Swiftclaws accompanied by a wolf priest on a bike would probably be the best option for them and they only way they could possibly be considered viable.

I've often wondered about running three units of these bikers accompanied by wolf priests on bikes. Would look so cool on the tabletop.


----------



## CLT40k (Jun 18, 2010)

I don't think the problem is with thier WS... Even with a WS 3, they're still hitting MeQs on a 4+... The problem is that they will get hit by MEQs on a 3+ -- and a Wolf Priest just can't fix that...

But you are right in the sense that they would make for some cool models.


----------



## Kirby (May 16, 2010)

Both Whirlwinds and Swiftclaws are generally worse choices compared to Speederrs/Fangs/Preds/TWC/etc and Swiftclaws are better used as normal BCs in a LRC and don't add reliable fast melta like other SM bike squads (main reason for taking them).

Lone Wolves are used quite often w/TDA/Chainfist/SS for a very tough unit to crack but there is competition in that slot w/IP, Dreads and Wolfguard so you're only going to see them in specific lists.


----------



## Lash Machine (Nov 28, 2008)

Swift claws with a fist and a wolf guard with a fist are a reasonable unit and their T5 makes up for their lower WS. I have run them a few times but would really only consider them at 1750 points or more.

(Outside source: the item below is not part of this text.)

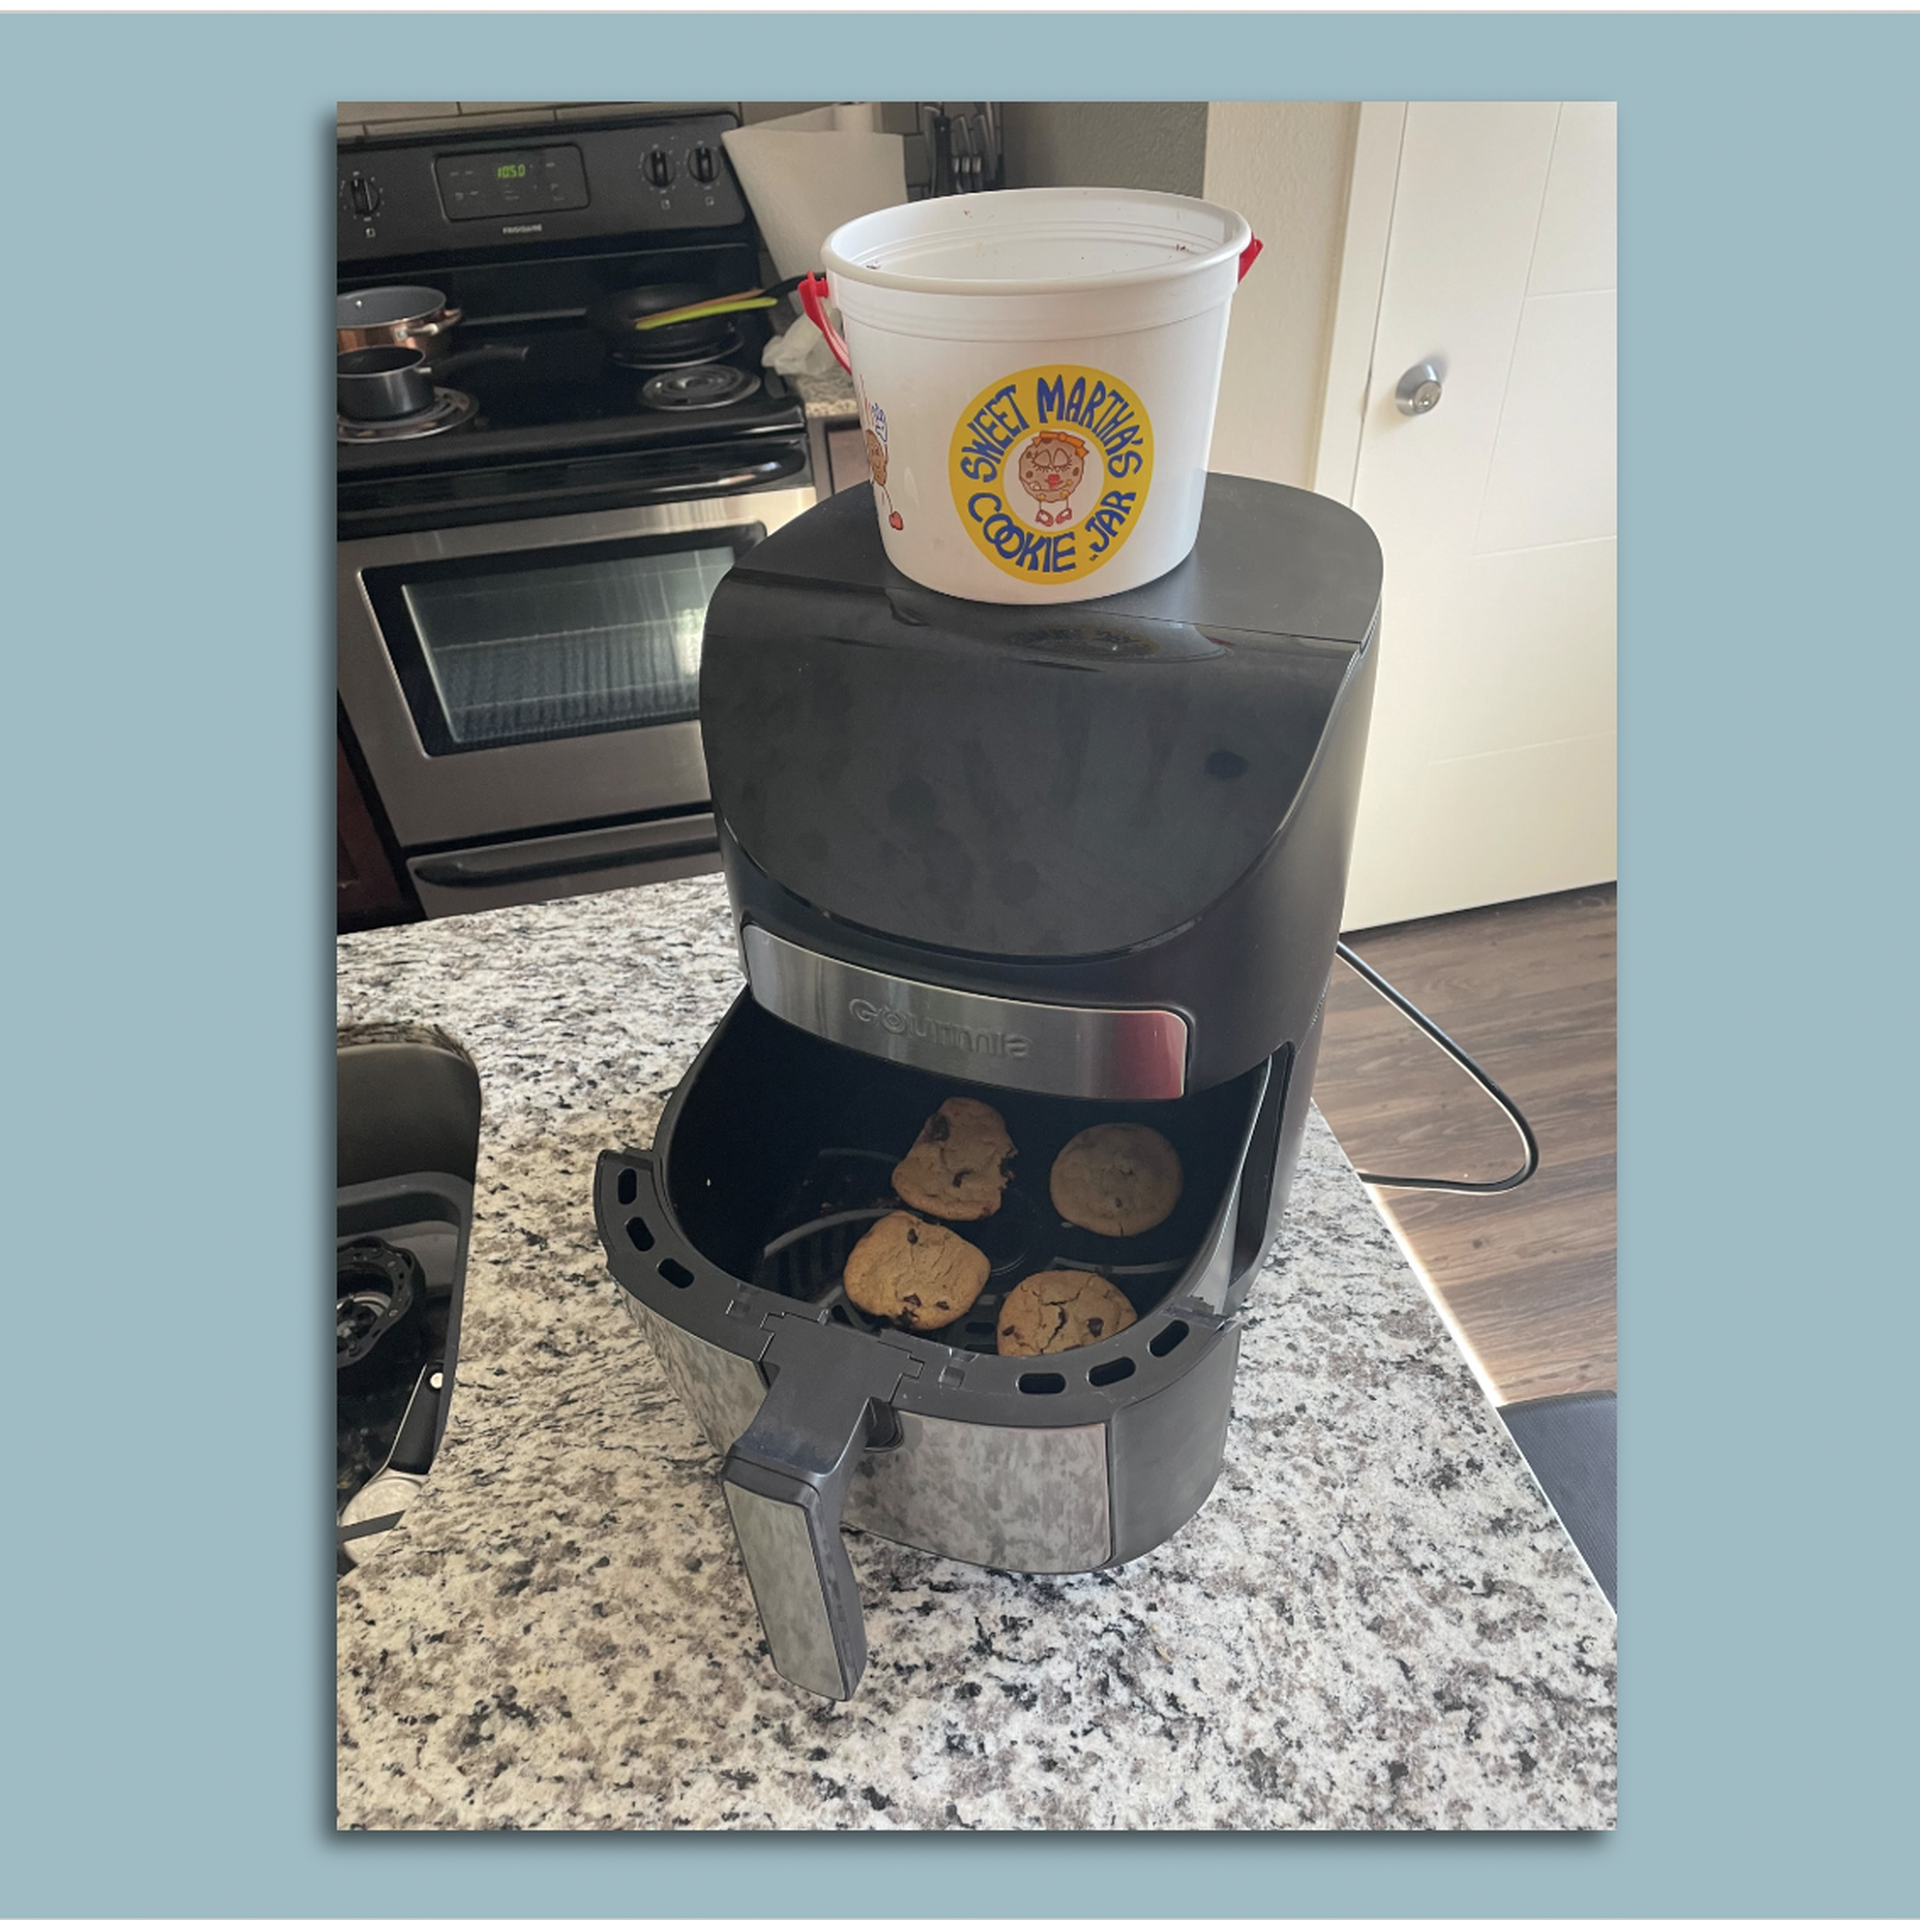 cookies and an air fyer

I finda that a unit of grey hunters is sadly cheaper, more flexible and better.

The main problem with a lone wolf is that their are too many decent options to pick from in the elites section especailly with wolf guard taking up one slot. If no one has ever used Wolf scouts before, regardless of what type of army you are running, you don't know what you are missing.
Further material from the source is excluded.